- Data extract
↓↓↓

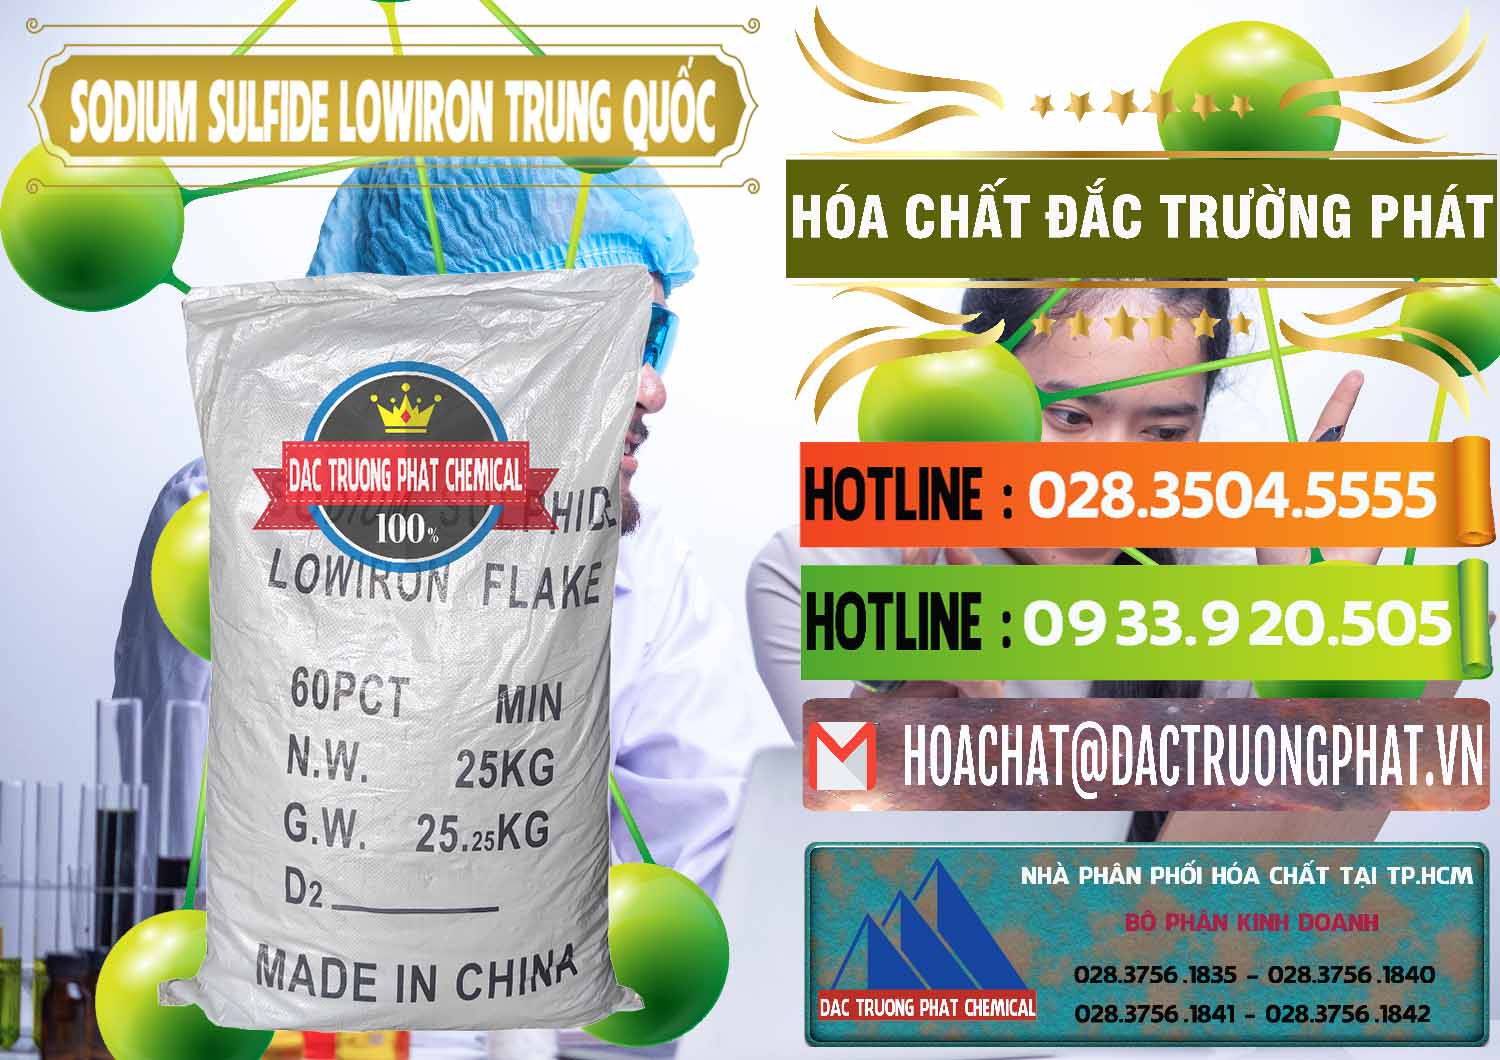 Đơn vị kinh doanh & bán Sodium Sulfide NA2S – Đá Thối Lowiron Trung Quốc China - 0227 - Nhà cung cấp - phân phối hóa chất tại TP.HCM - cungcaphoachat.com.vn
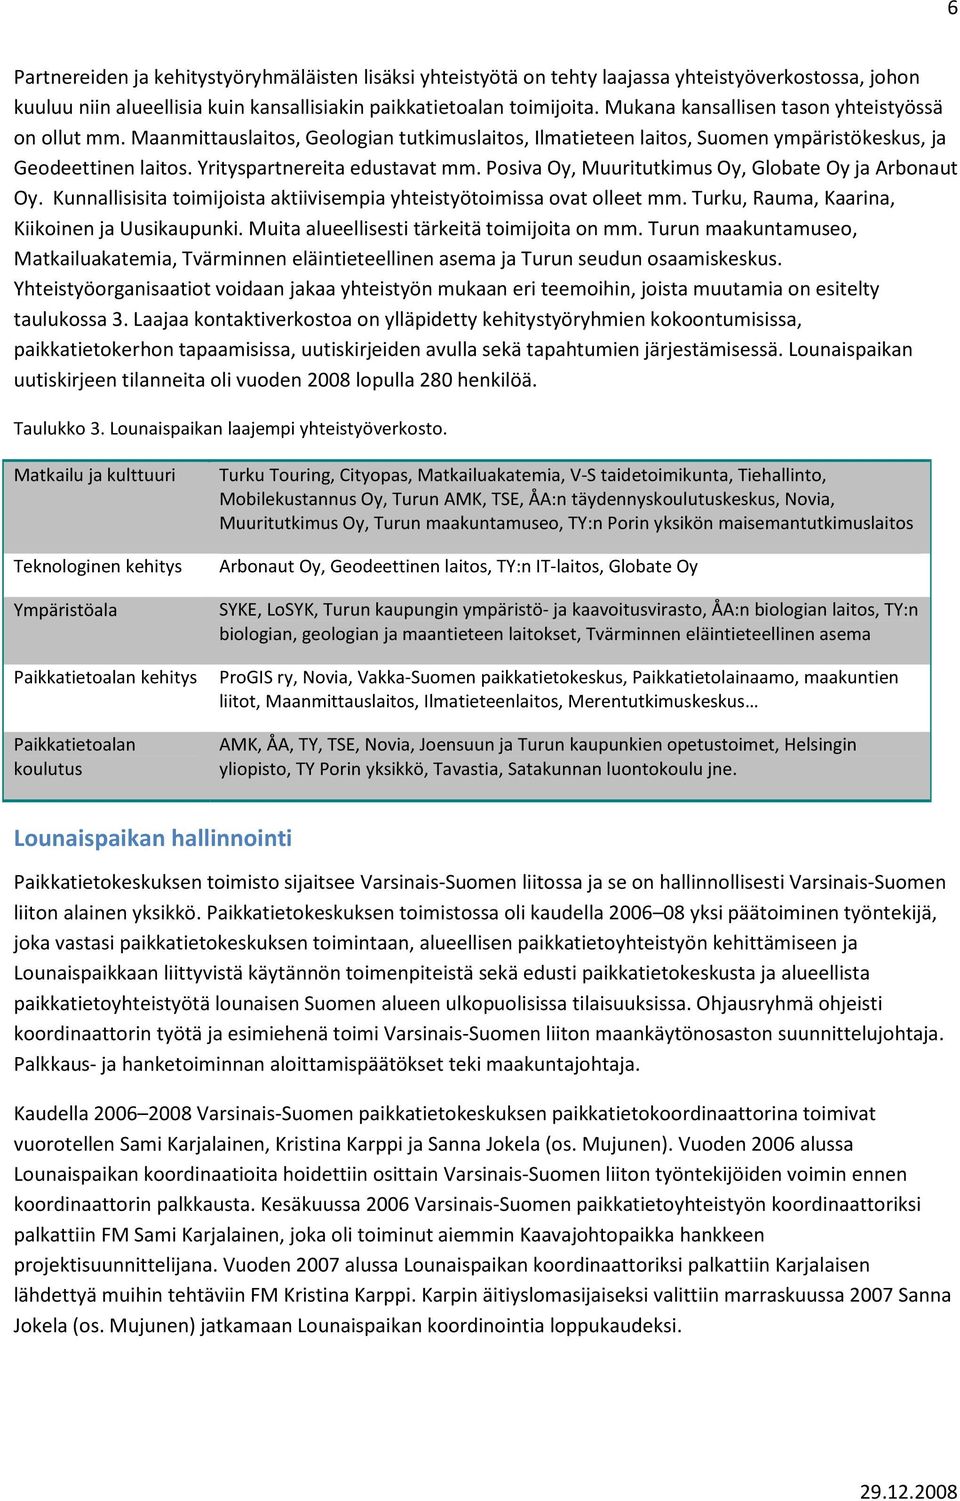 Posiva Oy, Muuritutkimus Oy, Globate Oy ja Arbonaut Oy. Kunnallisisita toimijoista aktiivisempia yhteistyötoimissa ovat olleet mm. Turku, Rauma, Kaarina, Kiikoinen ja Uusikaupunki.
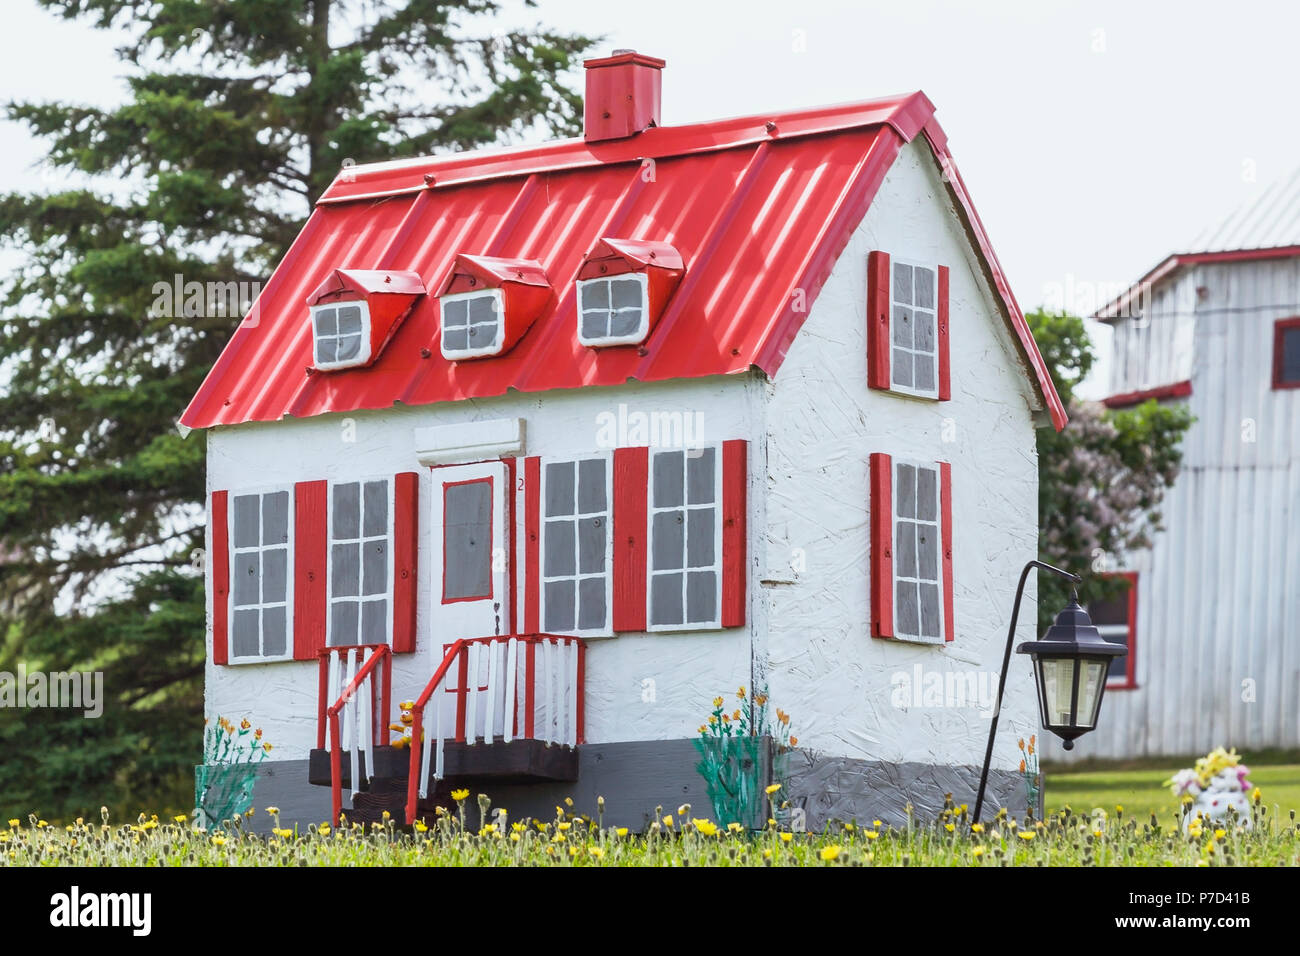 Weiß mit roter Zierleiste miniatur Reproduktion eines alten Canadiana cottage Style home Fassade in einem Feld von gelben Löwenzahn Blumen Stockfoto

↑↑↑

Retype exactly. Include each line from the start of the material through the line holding "Posiva Oy, Muuritutkimus", and leave the pictures out.

- Worked solution
 Đơn vị kinh doanh & bán Sodium Sulfide NA2S – Đá Thối Lowiron Trung Quốc China - 0227 - Nhà cung cấp - phân phối hóa chất tại TP.HCM - cungcaphoachat.com.vn
 Posiva Oy, Muuritutkimus Oy, Globate Oy ja Arbonaut Oy. Kunnallisisita toimijoista aktiivisempia yhteistyötoimissa ovat olleet mm. Turku, Rauma, Kaarina, Kiikoinen ja Uusikaupunki.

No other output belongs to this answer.